University of Michigan, Dearborn
Management Information Systems
Pervasive computing is the trend towards increasingly ubiquitous (another name for the movement is ubiquitous computing), connected computing devices in the environment, a trend being brought about by a convergence of advanced electronic - and particularly, wireless - technologies and the Internet. Pervasive computing devices are not personal computers as we tend to think of them, but very tiny - even invisible - devices, either mobile or embedded in almost any type of object imaginable, including cars, tools, appliances, clothing and various consumer goods - all communicating through increasingly interconnected networks. In 1991, Mark Weiser introduced the idea of ubiquitous computing: a world in which computers and associated technologies become invisible, and thus indistinguishable from everyday life. This invisible computing is accomplished by means of "embodied virtuality," the process of drawing computers into the physical world.
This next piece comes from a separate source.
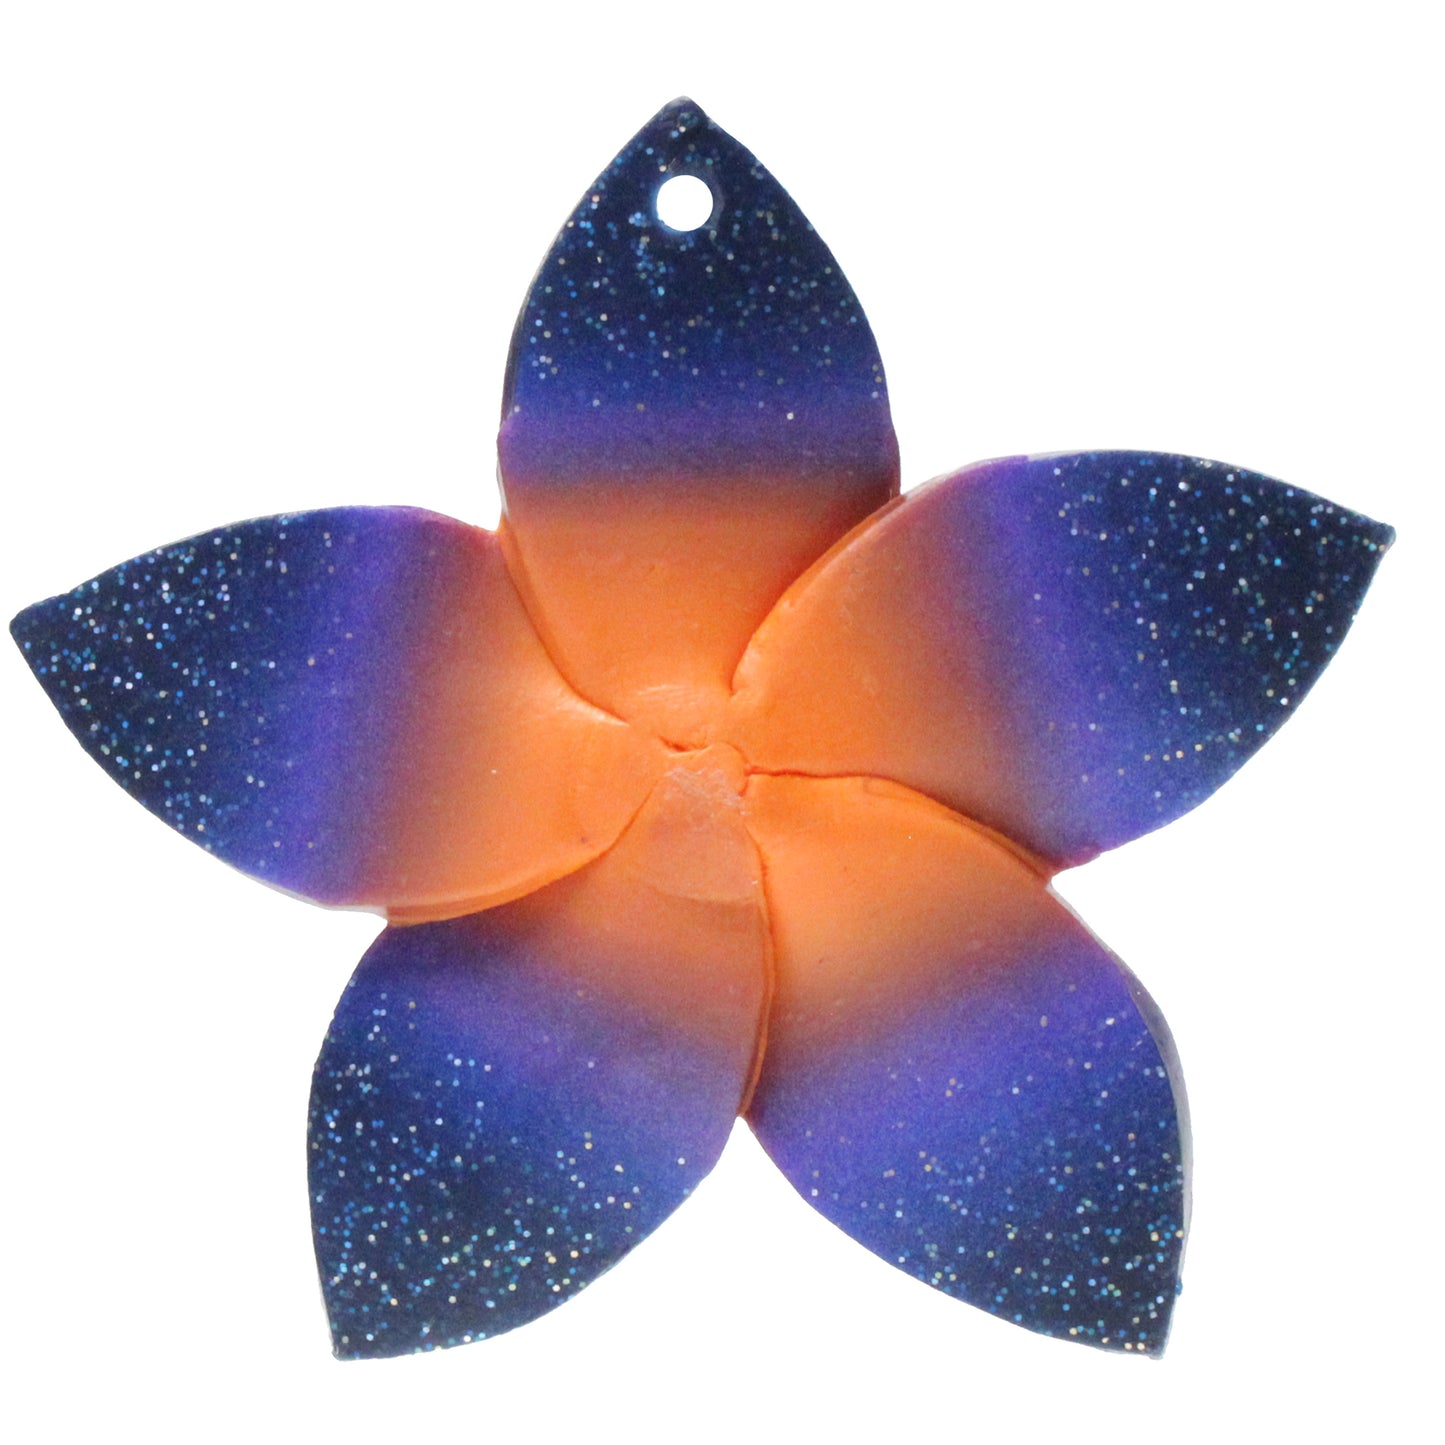 Large Plumeria Flower Charm / orange with galaxy blue trim / handmade polymer clay / 50mm diameter

Weiser proposed that computing and communication facilities would follow the evolutionary path of the electric motor.
In 2001, Mahadev Satyanarayanan presented aspects of a pervasive computing environment in which instances of Weiser’s ubiquitous computing world could now be explored, given the maturity of computing/communication technologies such as wireless LANs, portable and wearable computers, and sophisticated, embeddable sensors. He also identified several key research areas in pervasive computing: smart spaces, invisibility, localized scalability, and uneven conditioning. Briefly described, a smart space is a well-defined area, open or enclosed, that incorporates a collection of embedded systems (computers, sensors, user interfaces, and infrastructure of services). Invisibility is the intent that users not be unnecessarily distracted by their interaction with pervasive computing technologies. Localized scalability deals with the effective management of information exchange between users and their surroundings—considerations include bandwidth and energy usage, as well as control of user distraction. Finally, uneven conditioning refers to the current lack of consistent technologies and services throughout a user’s environment; for example, wireless connectivity may be present in one building but not in another.
A number of companies and higher education institutions have begun extensive research projects aimed at investigating the requirements and implementation of pervasive computing environments. These research activities have identified the following characteristics of a pervasive computing environment: Minimal user distraction, Collaborative interaction, User mobility, Context awareness (user/time/location), Resource and location discovery, Ambient information, calm technology, Event notification, Adaptive interfaces ,Invisibility—everyday object augmentation , Anytime/anywhere. Given the above characteristics, the possible positive effects that pervasive computing may have on productivity within our lives (at school, work, and home) could be significant:
• Improved capabilities for communications, coordination, collaboration, and knowledge exchange • Removal of time and space constraints for accessing information • Enhanced decision-making abilities based on receiving and processing up-to-date organizational and environmental data • Expanded user awareness of the environment through resource and service discovery Challenges of Pervasive computing:
Rapid advances in smart technologies (e.g., sensors, devices and applications, wireless networking), software agents, and middleware technologies have led to the emergence of pervasive or ubiquitous computing as perhaps the most exciting area of computing as well as context-situation aware computing,...